__What needs to be done__
For the material below, reproduce exactly each line from the one that has "rabbit, diy ideas, needle" through the one that has "0025981_urban-commuter-156-laptop-backpack-grey", and no others; pictures stay out.

[Opening Supplied data section]

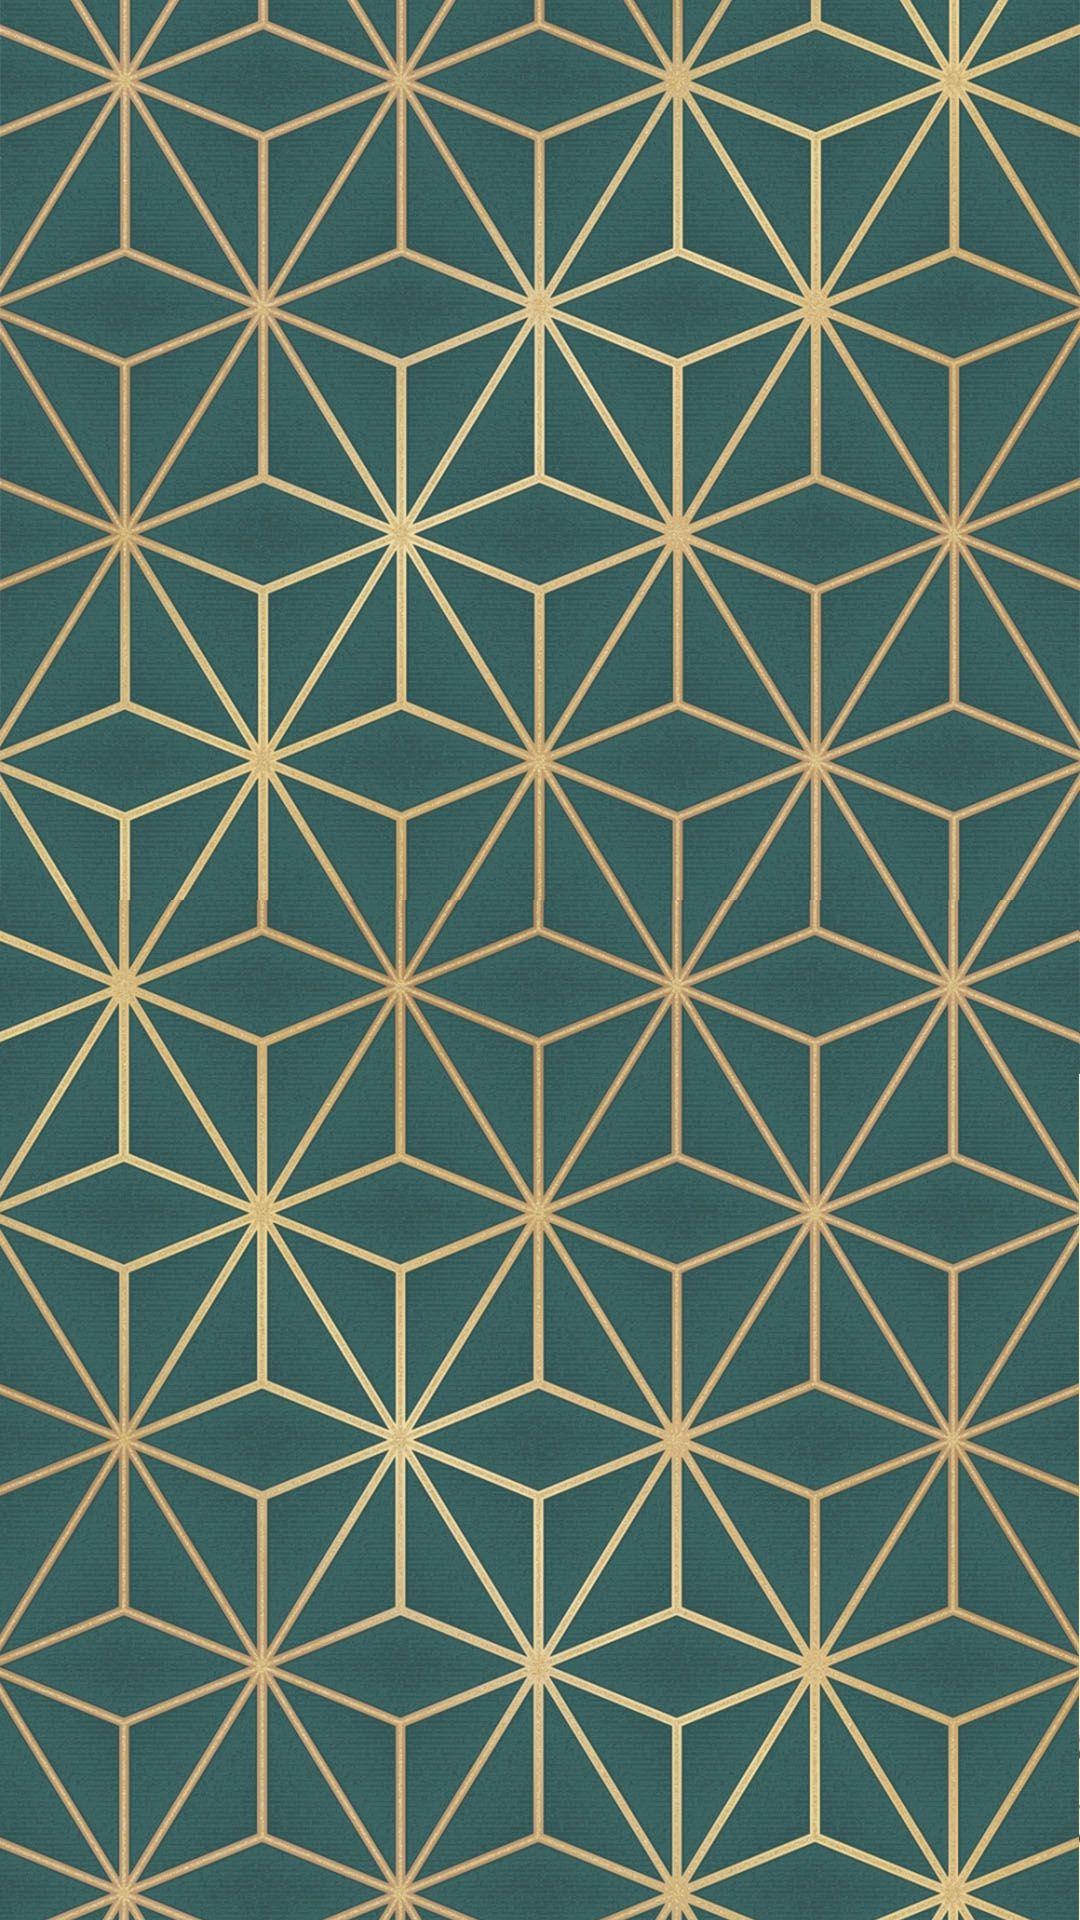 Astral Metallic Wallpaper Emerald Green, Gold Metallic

[Closing Supplied data section]
[Opening Supplied data section]

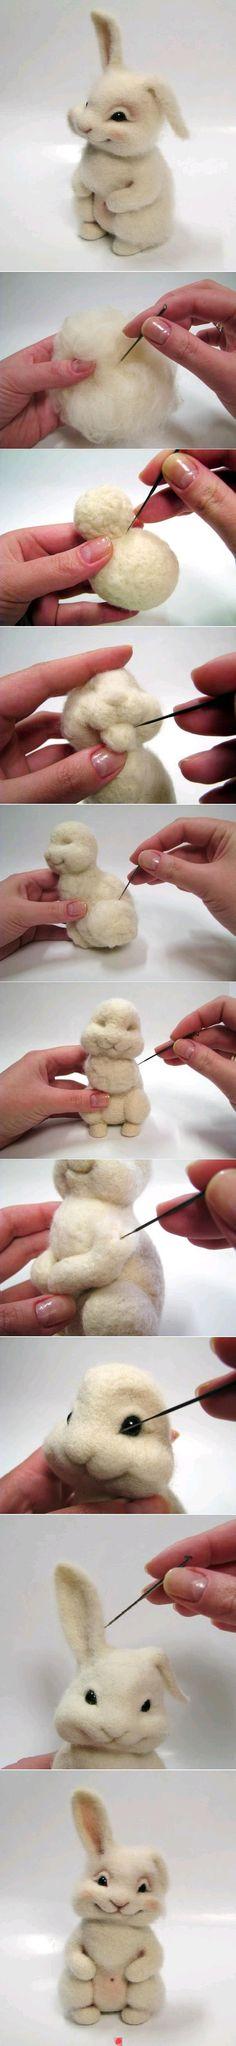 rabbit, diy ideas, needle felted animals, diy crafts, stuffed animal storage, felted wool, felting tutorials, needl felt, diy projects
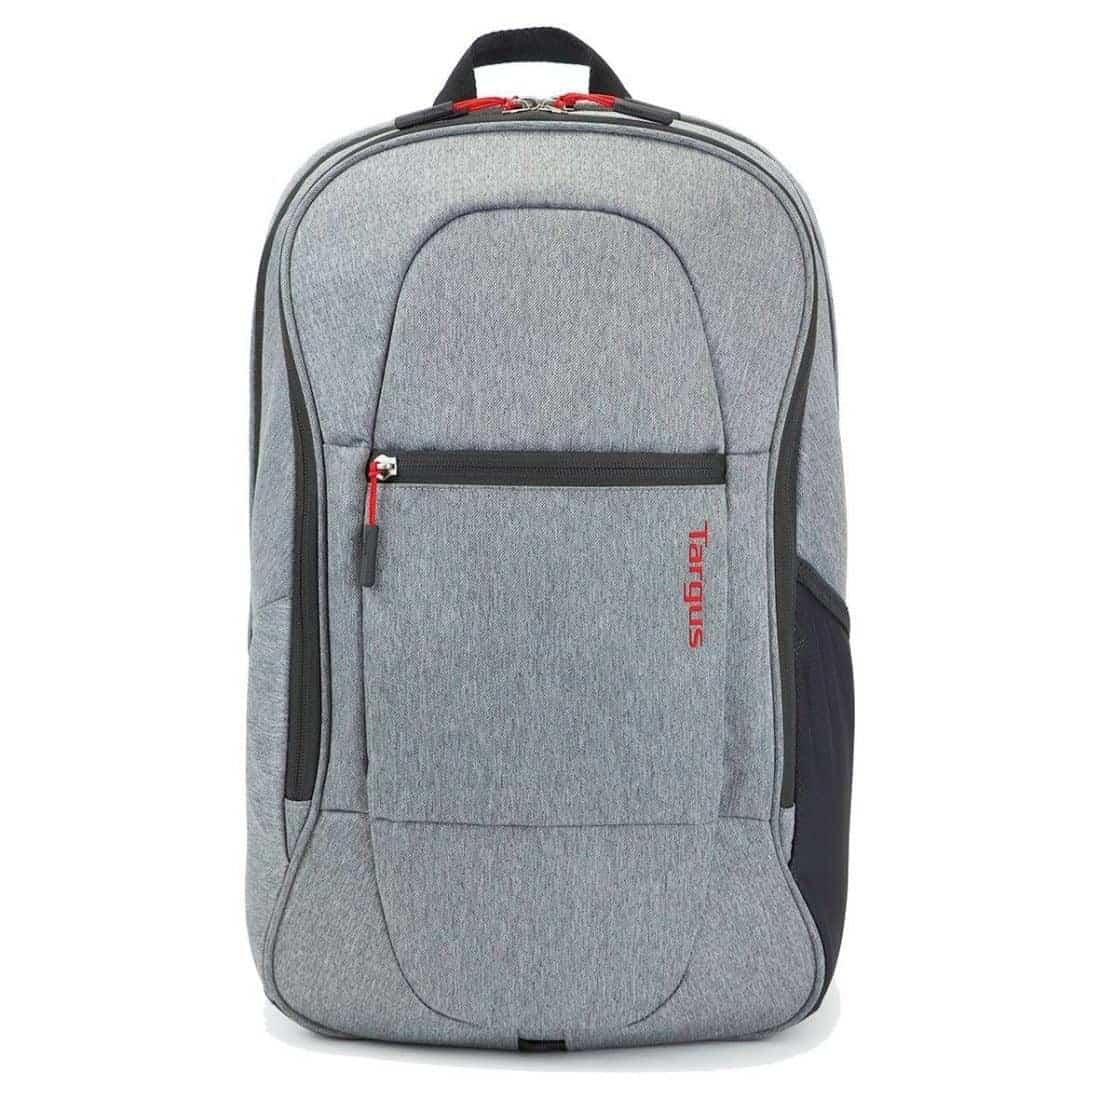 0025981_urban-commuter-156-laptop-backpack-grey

[Closing Supplied data section]

__Solution to this problem__
 rabbit, diy ideas, needle felted animals, diy crafts, stuffed animal storage, felted wool, felting tutorials, needl felt, diy projects
 0025981_urban-commuter-156-laptop-backpack-grey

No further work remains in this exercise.